I ran into Gaiman in the Green Room the first day of the convention. We chatted a moment and I asked if he would be coming to the Academic presentation about him. He checked his schedule and his handler reminded him he had Hugo rehearsal at that time… He kindly said that if he got out early, he might stop in, but also explained that prior academic papers he'd attended had left people anxious - and him stuck in a position of wanting to address when someone missed a point or something. We parted, as I had hands full of lunch-to-go and a friend of his was awaiting him at one of the tables.

It was an entirely professional-feeling encounter with a hero - pretty durned cool!

And when I got back to the room to hear my room-mate had caught him after his first panel and received a hug, I was unprofessionally jealous.

The rest of the convention had me scheduled against just about any chance I might have of running into him again. I traveled the entire convention carrying A Game of You in hopes of a chance encounter when I did not see him in a rush or engaged.

Sunday came. My schedule was pretty cemented and there WAS NO chance for me to catch Gaiman again at any panel, signing, or even if I beat the 1-in-a-few-hundred chance of getting into his Kaffeeklasch. My presentation was that day, the big party was that night, I just finished a 9AM panel after over a week of nights consisting of only 3-4 hours of sleep, and I was dragging my feet back to the hotel knowing I still had to pack and move and unpack…. I was a royal mess of anxiety mixed with a little despair.

I saw him about midway between the convention center and the hotel. He was walking at a leisurely pace.
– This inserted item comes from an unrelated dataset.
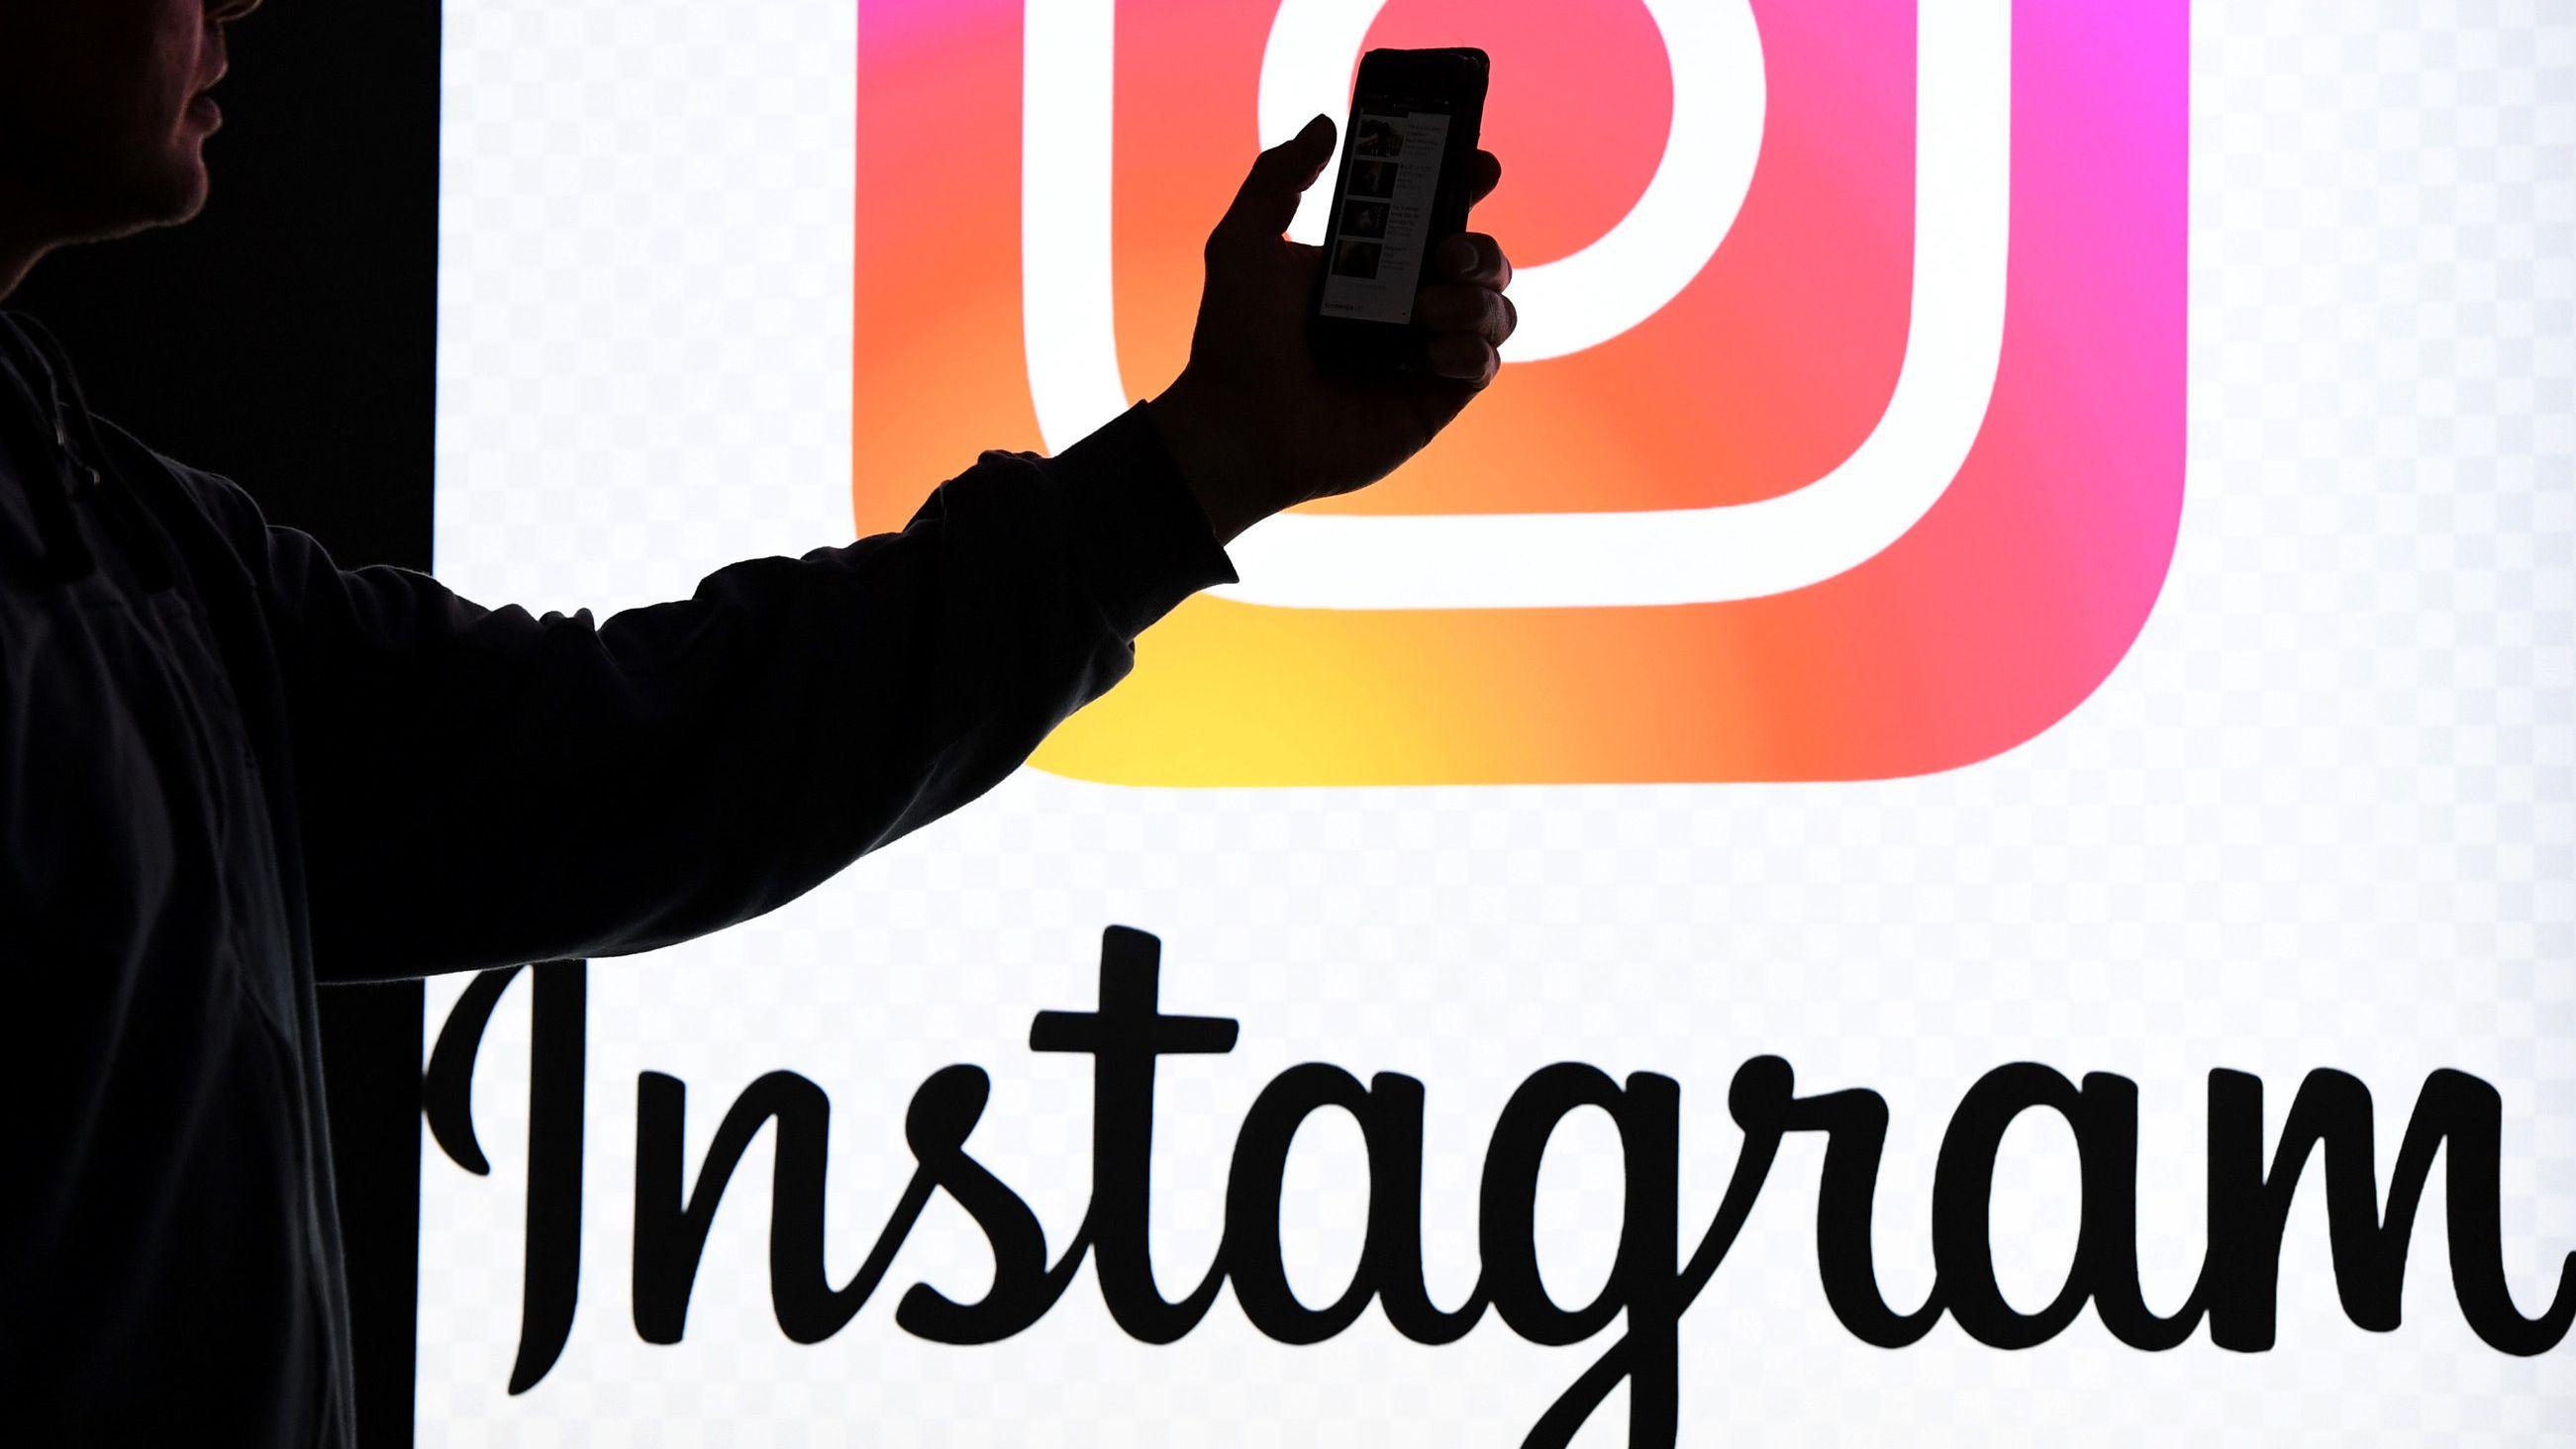 Ein Mann hält ein Smartphone vor einem Monitor mit dem Logo von Instagram.

Face & courage painted on (not unlike Barbie from A Game of You) as is my usual convention adornment, I asked him if he had a moment… he said he did and wasn't in a rush. I pulled out A Game of You and explained I was presenting an academic paper on it that very afternoon and asked him to sign it for me. He asked me about the paper, and I shared my thesis and a point or two, and he said it was interesting and asked if I'd seen some of the art changes in Absolute Sandman (the point I brought up was how the art creates ambiguity in places by contradicting narrative). I had not… he explained some of it while signing. (Wicked cool… must obtain copies when I have $ again… (self note, not said aloud).) He then wished me luck on the paper presentation. Feeling very shy, I asked for a hug and he gave me one. I thanked him and floated back to the hotel.

I didn't think to ask for a picture; I didn't want to be overbearing. Here's two I took with the not-so-fabulous throwaway camera… one is of the signing (and actually, Ana took it for me), and the other is at his fandom panel where he was requested to veer from his normal all-black attire and wear a Hawaiian shirt. Very cute!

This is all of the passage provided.